Personal Themes and Interests
Korda's writing reveals recurring themes: the uses and illusions of power, the making of public personas, and the private choices behind public success. Horses and country life provided him respite from Manhattan's publishing bustle; his love of riding informed Horse People, a portrait of equestrian culture and the personalities drawn to it. He also addressed illness directly in Man to Man, a candid account of his experience with prostate cancer that offered information and reassurance to readers at a vulnerable moment. His son, Chris Korda, became known in music and activism, a reminder that the family's creative streak adapted to new mediums and new audiences.

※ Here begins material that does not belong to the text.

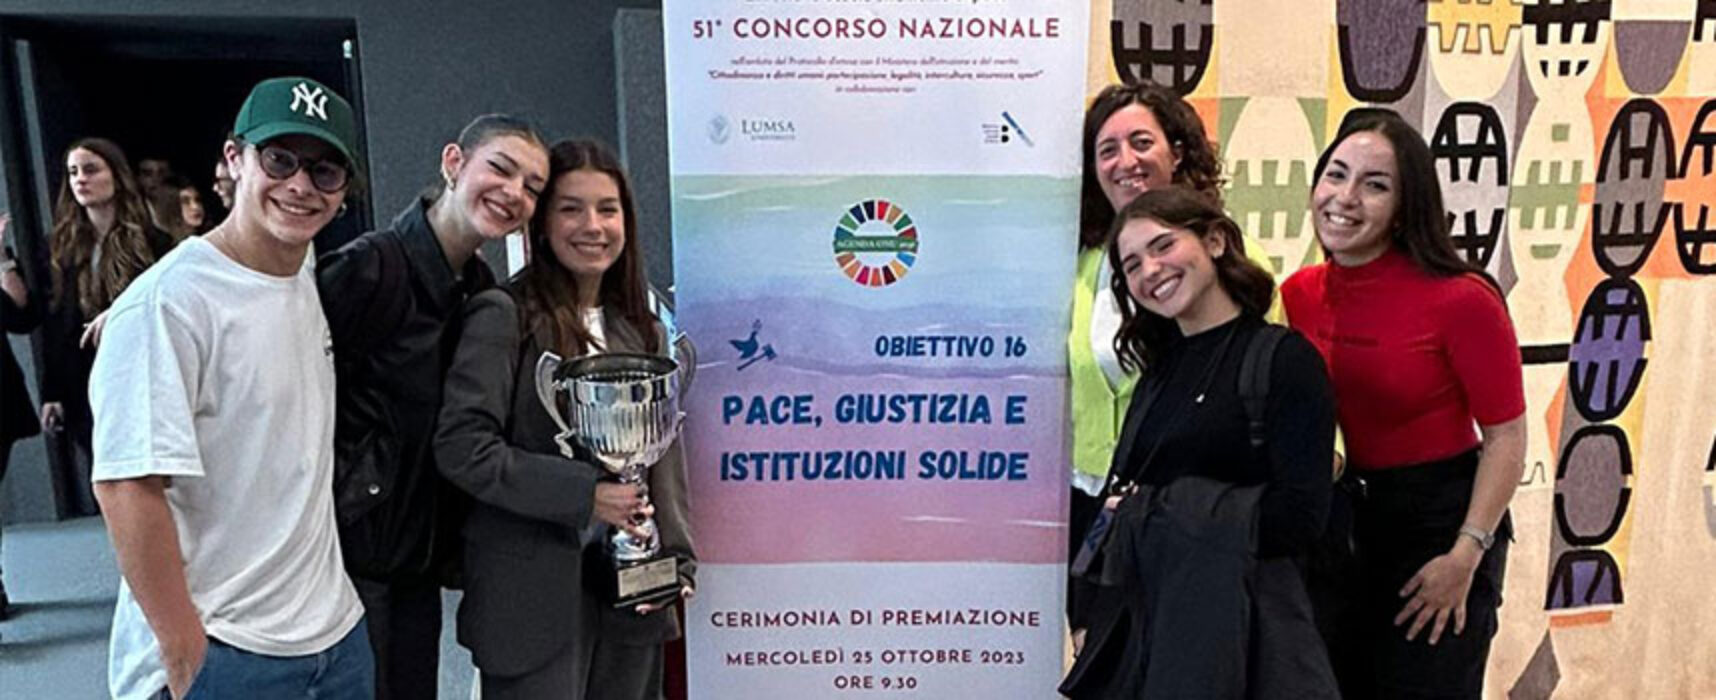 Liceo “Da Vinci” premiato a Roma per il cortometraggio “L’inganno in un passo”
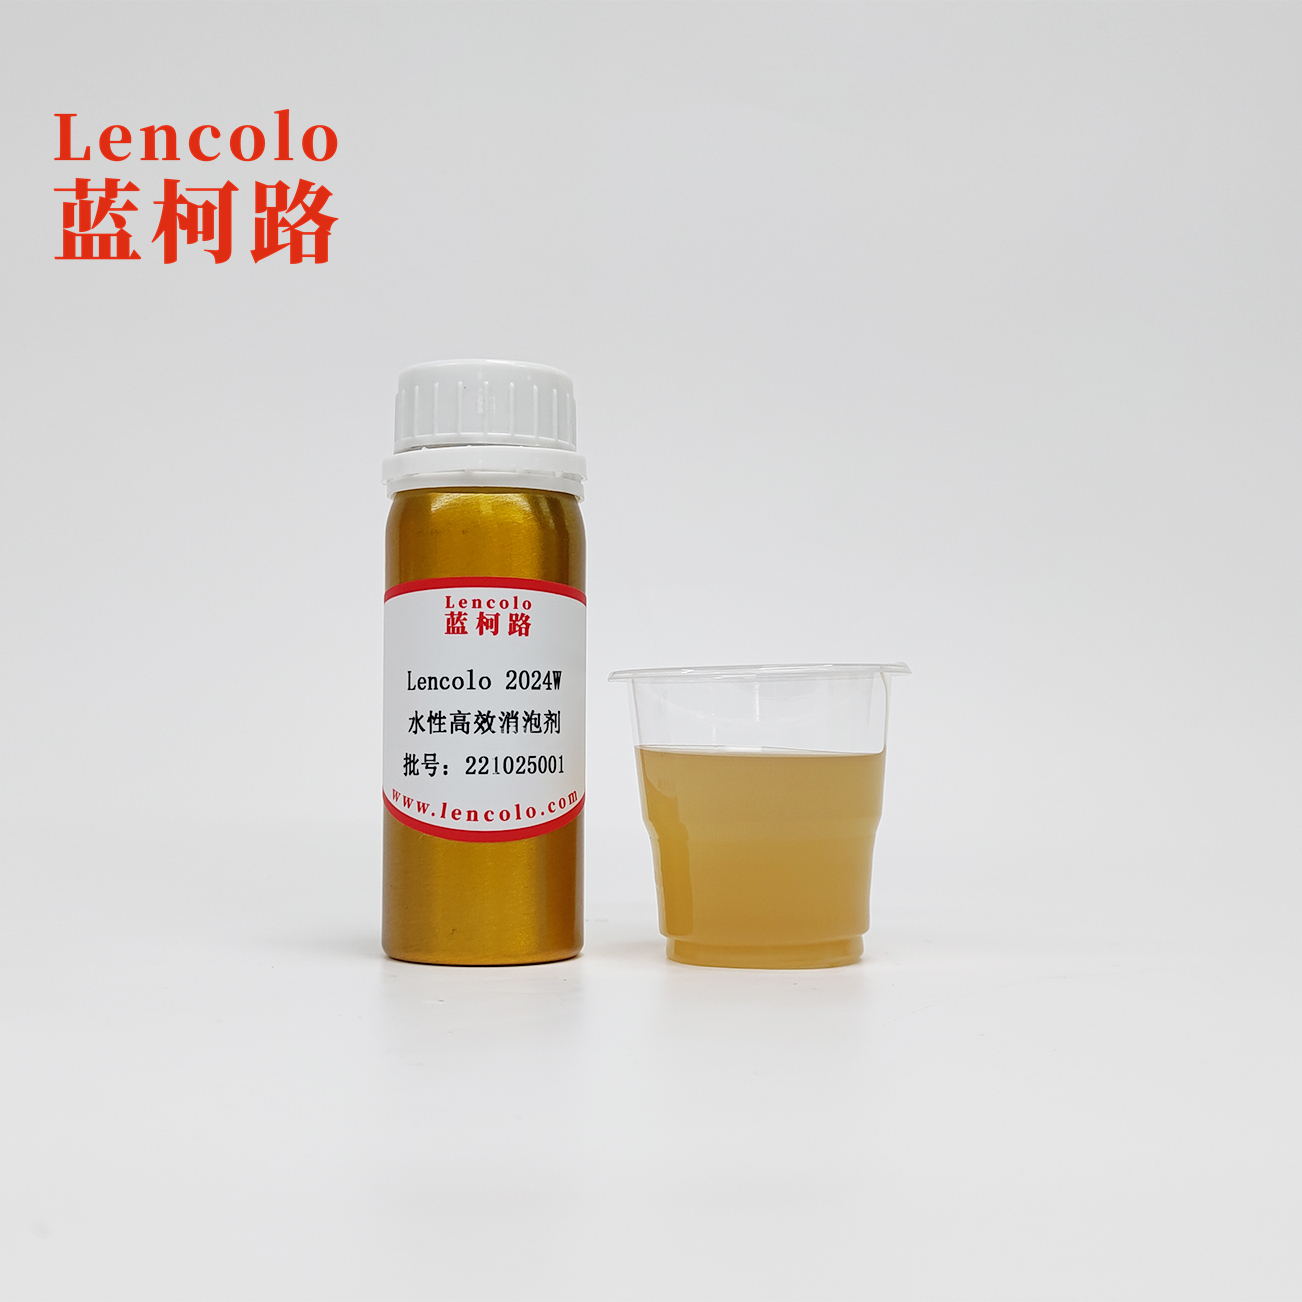 Lencolo 2024W  Water-based High-efficiency Defoamer

Working With People and Building Books
Editors are often measured by the company they keep, and Korda's career was defined by his relationships with authors, agents, and fellow editors. He valued the back-and-forth of revision, the discipline of deadlines, and the teamwork that extends from a manuscript to jacket art, marketing, and sales. In an era when publishing consolidated and the stakes of each acquisition rose, he preserved a belief in the editor as advocate and translator, guiding writers to reach readers without sacrificing voice. The successes he fostered, political exposés, celebrity memoirs, big-idea nonfiction, and cinematic novels, were communal achievements, and he was quick to credit colleagues like Alice Mayhew on the nonfiction side and the sales and publicity teams who turned a promising idea into a cultural event.
Later Work and Continuity
Even as the industry digitized and habits of reading changed, Korda remained productive, adding to his shelf of biographies and essays. His later histories display an undiminished curiosity and a practiced sense for pacing, character, and the telling detail. He continued to draw on the two worlds that formed him, film and publishing, connecting the spectacle of public life with the quiet labor of making a book. His standing as editor in chief emeritus of Simon & Schuster symbolized a lifetime at the center of trade publishing, yet his bibliography reflects an independent writer's drive to understand people who choose large destinies.
Legacy
Michael Korda's legacy rests on three pillars: an origin story in a legendary film family that taught him the grammar of fame and narrative; a commanding editorial career that helped define American publishing's modern age; and a body of writing, novels, memoirs, and histories, that makes complex lives and events intelligible to general readers. The people around him shaped that legacy: Vincent, Alexander, Zoltan, and Merle Oberon in his youth; colleagues like Dick Snyder and Alice Mayhew during his long tenure at Simon & Schuster; and authors whose work, from Bob Woodward and Carl Bernstein onward, changed the conversation in public life. Bridging continents and professions, he turned a privileged vantage point into a generous one, opening the door for readers to meet extraordinary people in the most durable way a publisher knows: on the page.